The next few years will be quite different to what we have seen in the credit markets during the last five years; a period in which “everyone did well without doing anything special, other than being in the asset class,” says Thariyan. The outlook is more complicated now, mainly because investors are “accustomed to double-digit returns.”
A reduction in returns which ultimately did not happen had been expected for 2013. In fact, most experts predicted that the high yield credit market would see a year in which the investor would earn “the coupon” rate, about 5.5%, for the European high yield market. However, as Thariyan points out, the reality was different and the high yield market favorably surprised investors by giving them returns of 11%.
Looking to 2014, the expert points out two focal areas in the credit market. “First, there are still some interesting returns in some sub-asset classes such as high yield and emerging market debt. Moreover, unlike what happened in recent years, this period will not be dominated by the actions of central banks, so this is a year in which the selection of securities becomes important once again.”
Given this much more complicated scenario, Thariyan emphasized that “more than a great rotation from debt into stock, it is internal rotation which is occurring within the credit market”, both geographically, favoring regions where monetary stimuli remain, and in absolute return management products, “which offer protection against duration risk.”
Thariyan explains that, his team’s goal is to provide an additional market return exceeding 50 bp for the entire credit range by selecting appropriate strategies and emissions. “Now is the time to have a good credit analyst team generating the most value,” he added that for performanceit is very important to access the largest possible universe of securities and “to be willing to leave the index if it is suitable for the portfolio.”
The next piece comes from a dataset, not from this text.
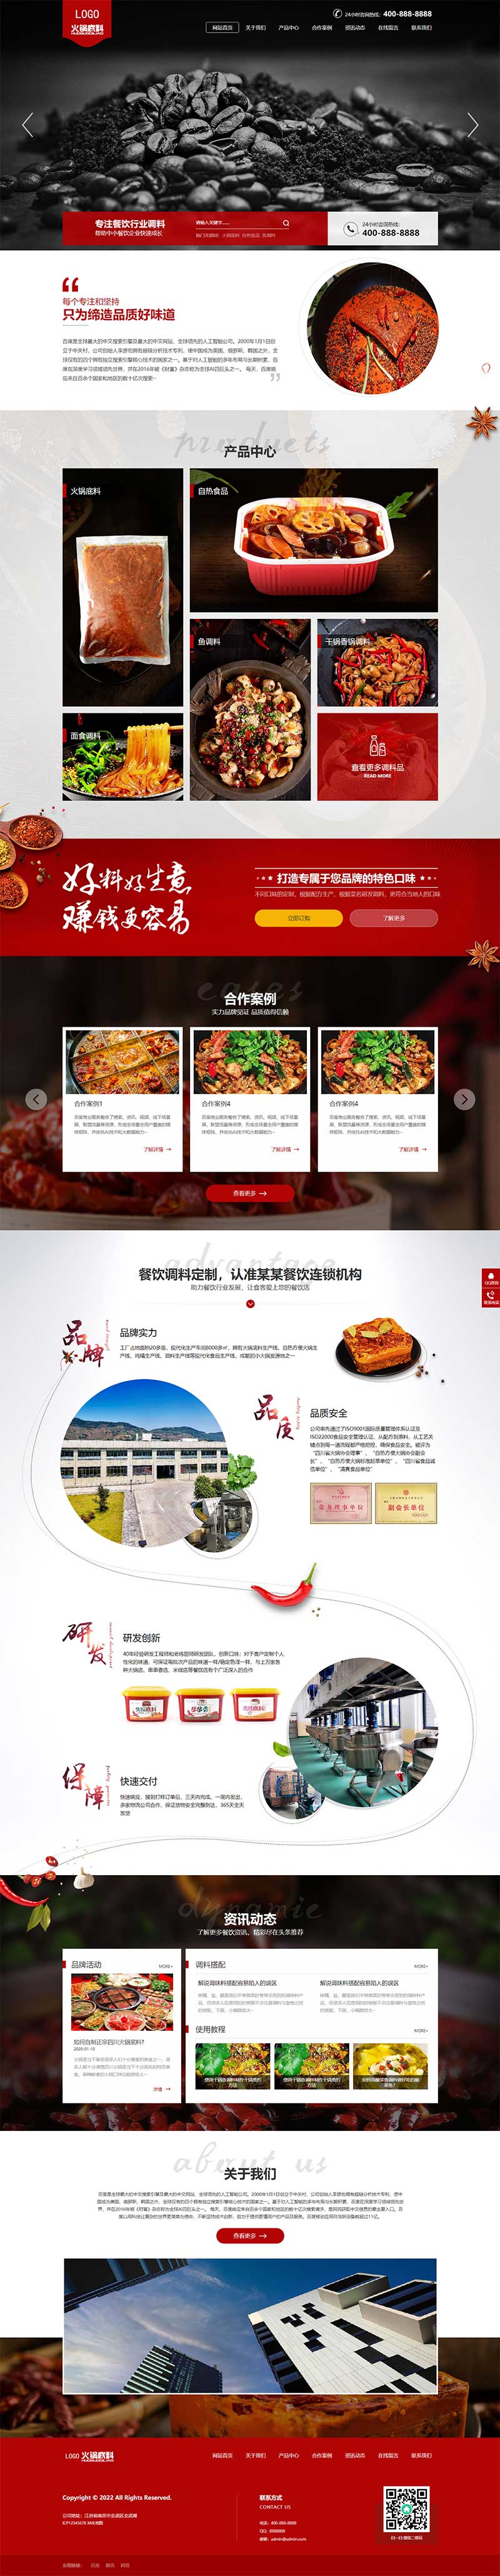 (PC+WAP)营销型餐饮美食网站源码 pbootcms高端火锅底料食品调料网站模板插图

Since the year 2009, Henderson has applied four levers in order to obtain alpha in their fixed income portfolios: a good selection of securities, ignoring the index, using credit derivatives and performing active duration management.
Thus, Henderson has already achieved great success in European IG Credit where it has a strategy which leads the market with 1,700 million dollars in assets under management, as well as in its absolute return strategy, Credit Alpha, which has had a soft close in November to approach the figure of 1,000 million pounds, an amount which the credit team considers the limit in order to optimize fund performance considering the operational costs involved in the strategy. Just over a year ago they launched their strategy for European high yield, which is ranked among the most profitable in its category, and three months ago, relying on Kevin Loome’s team in Philadelphia, Henderson launched a global high yield strategy. Overall, Henderson manages 20,000 million dollars in fixed income strategies.
“We hope to be ready to complete this deal with emerging fixed income strategies soon so that in two or three years we will have a truly global deal on credit, and have accumulated a significant track record for investors,” he concludes.